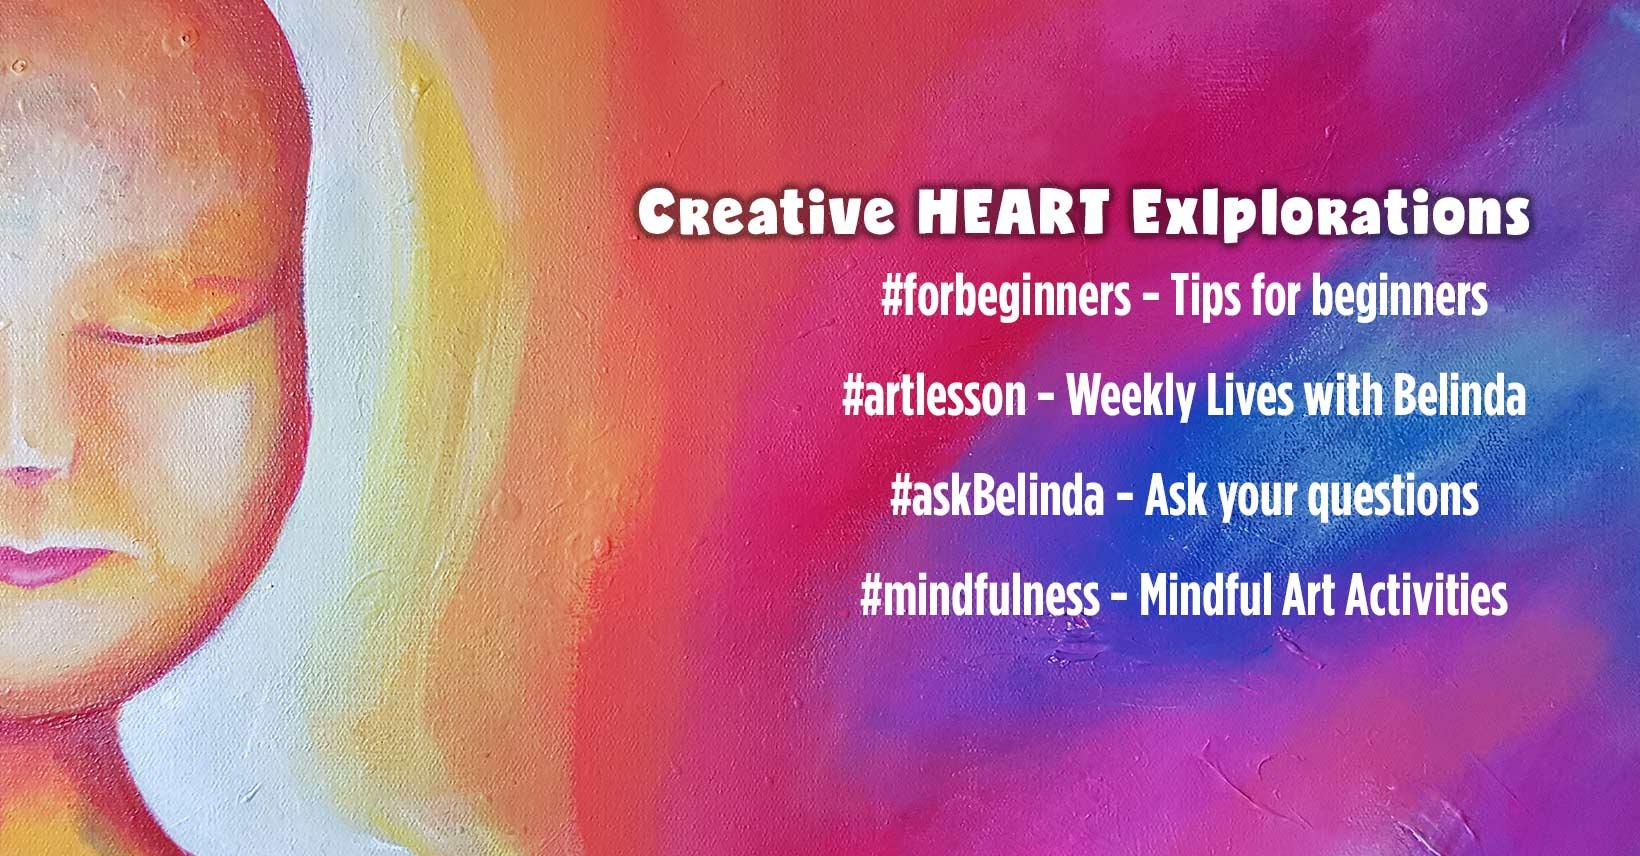 Creative Heart Explorations
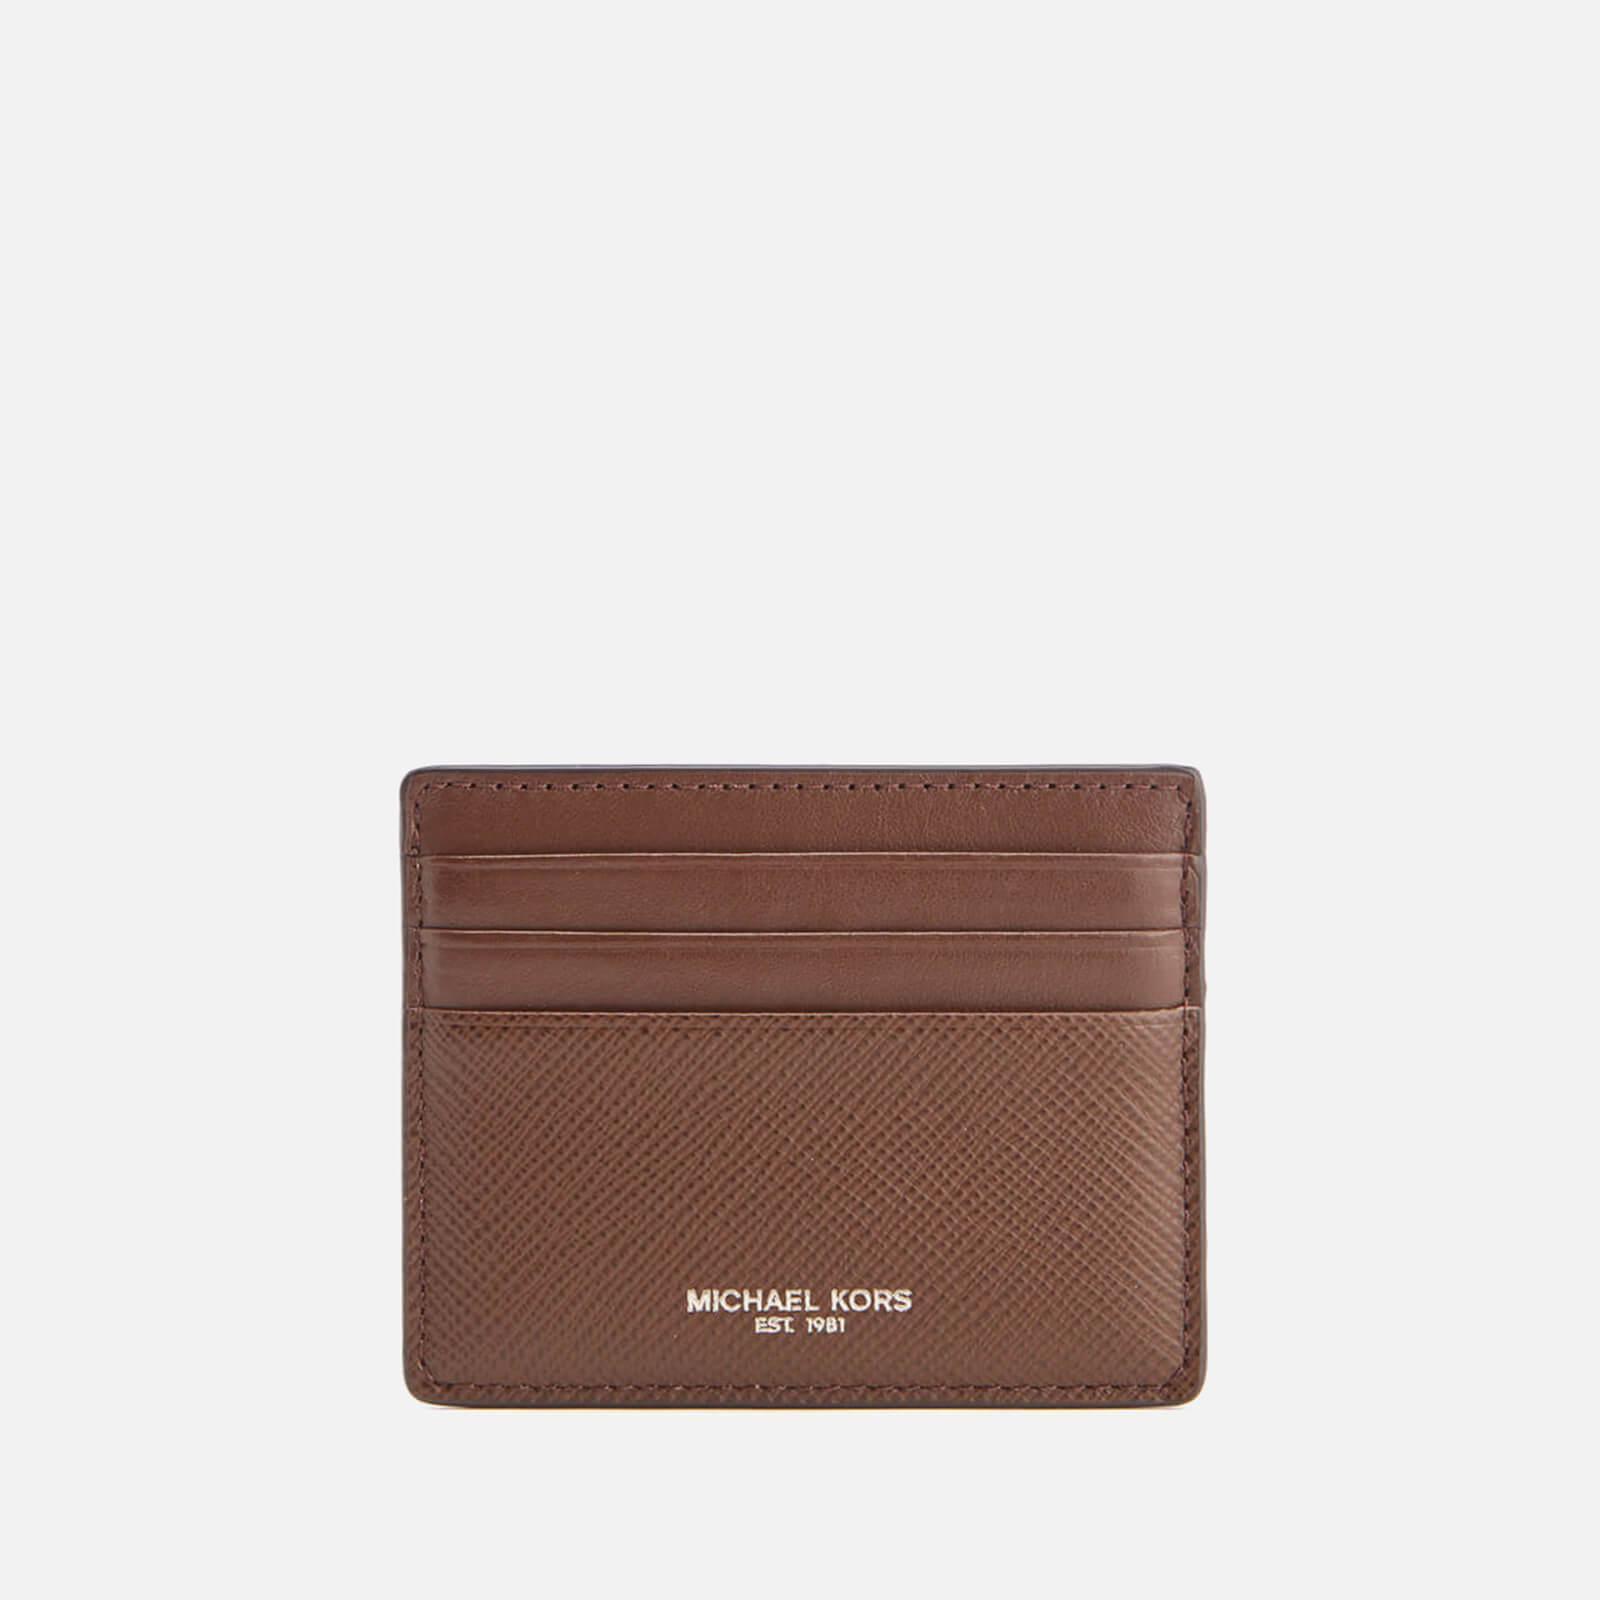 hot sale online 29376 4ffca Michael Kors Men's Harrison Tall Card Case - Mocha
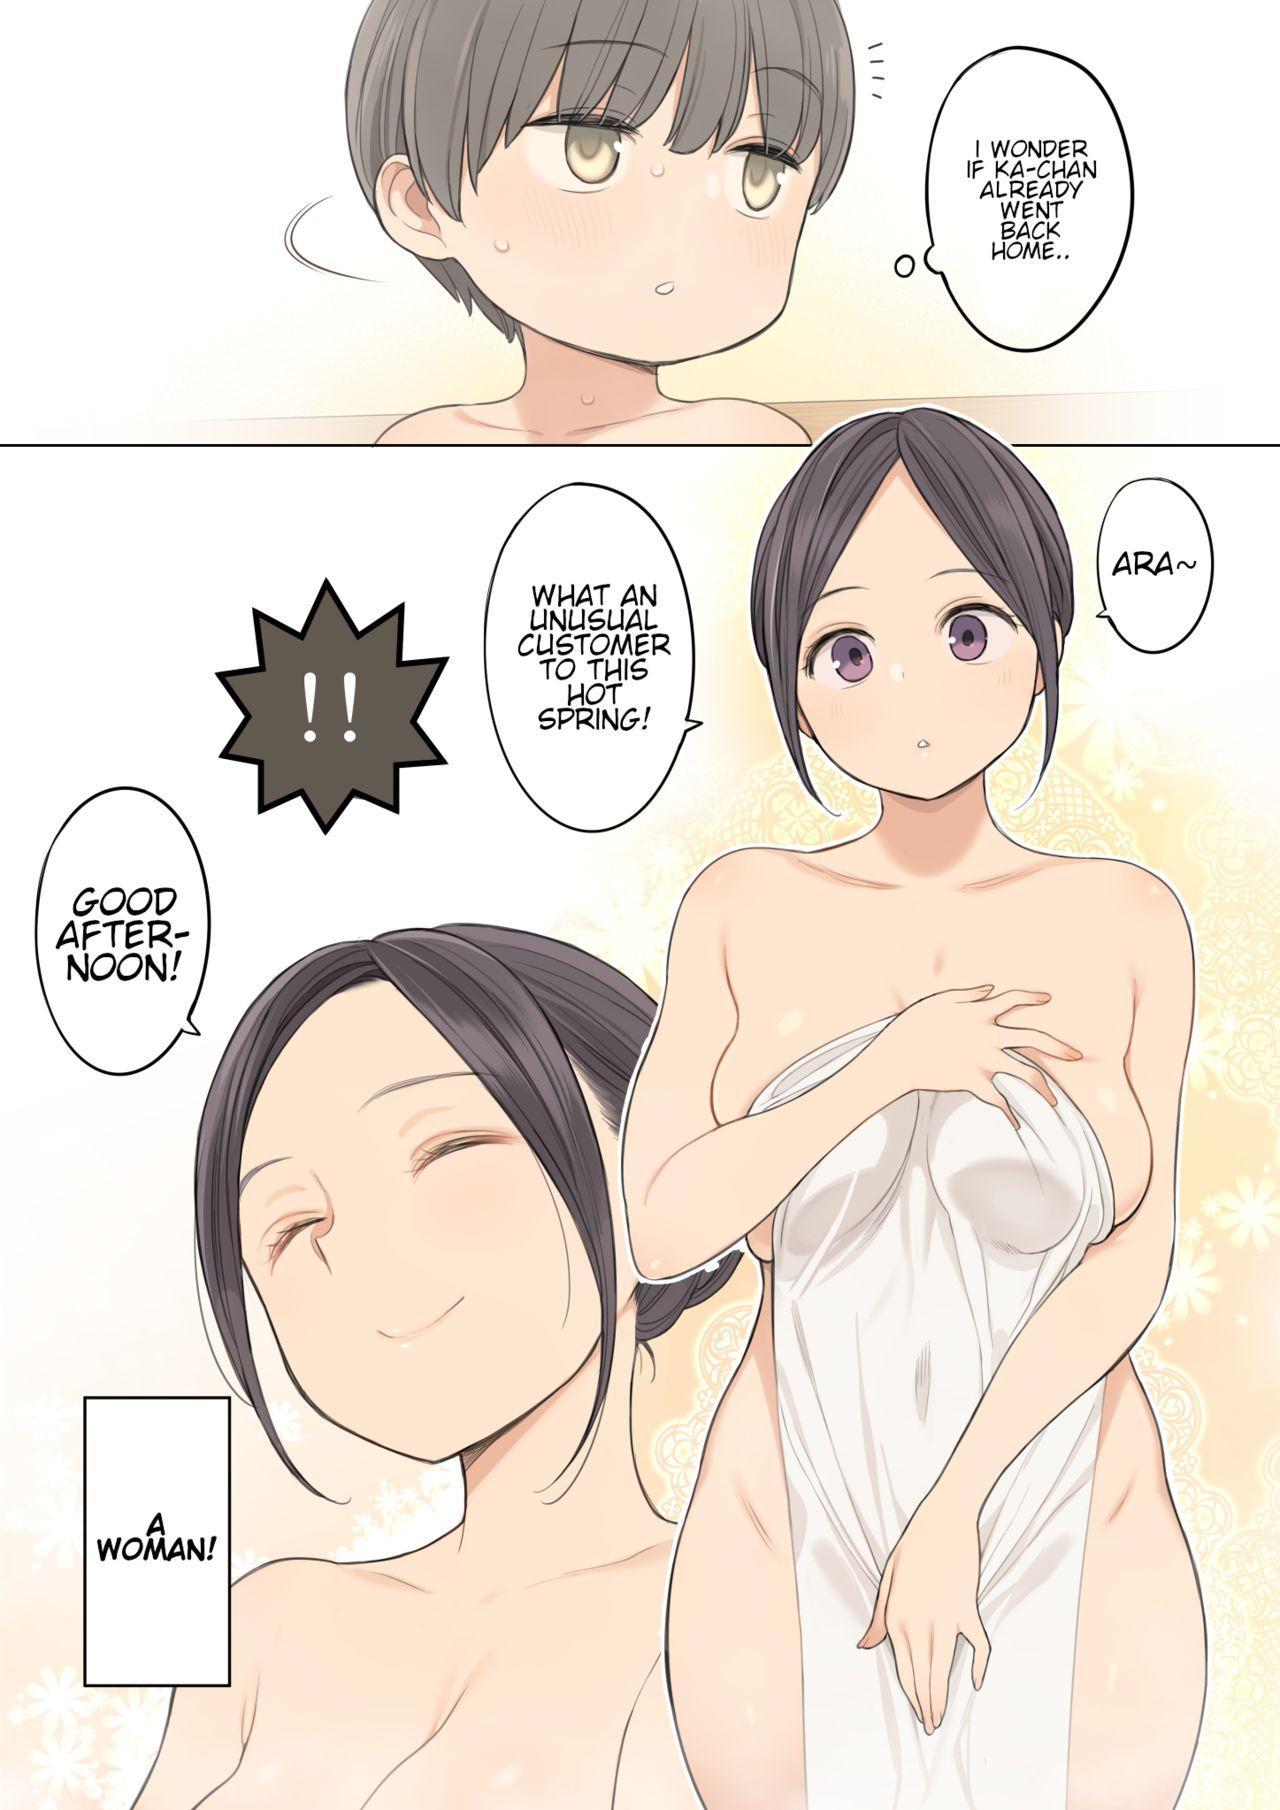 Konyoku Onsen de Toshiue no Onee-san ni Ippai Shasei Sasete Morau Hanashi | Story of how I came a lot with an older oneesan at the mixed hot spring bath 2

Work task: Without any pictures, restate word for word only the lines from the one with "hot sale online" through the end of the listing.

Answer section:
 hot sale online 29376 4ffca Michael Kors Men's Harrison Tall Card Case - Mocha
 Konyoku Onsen de Toshiue no Onee-san ni Ippai Shasei Sasete Morau Hanashi | Story of how I came a lot with an older oneesan at the mixed hot spring bath 2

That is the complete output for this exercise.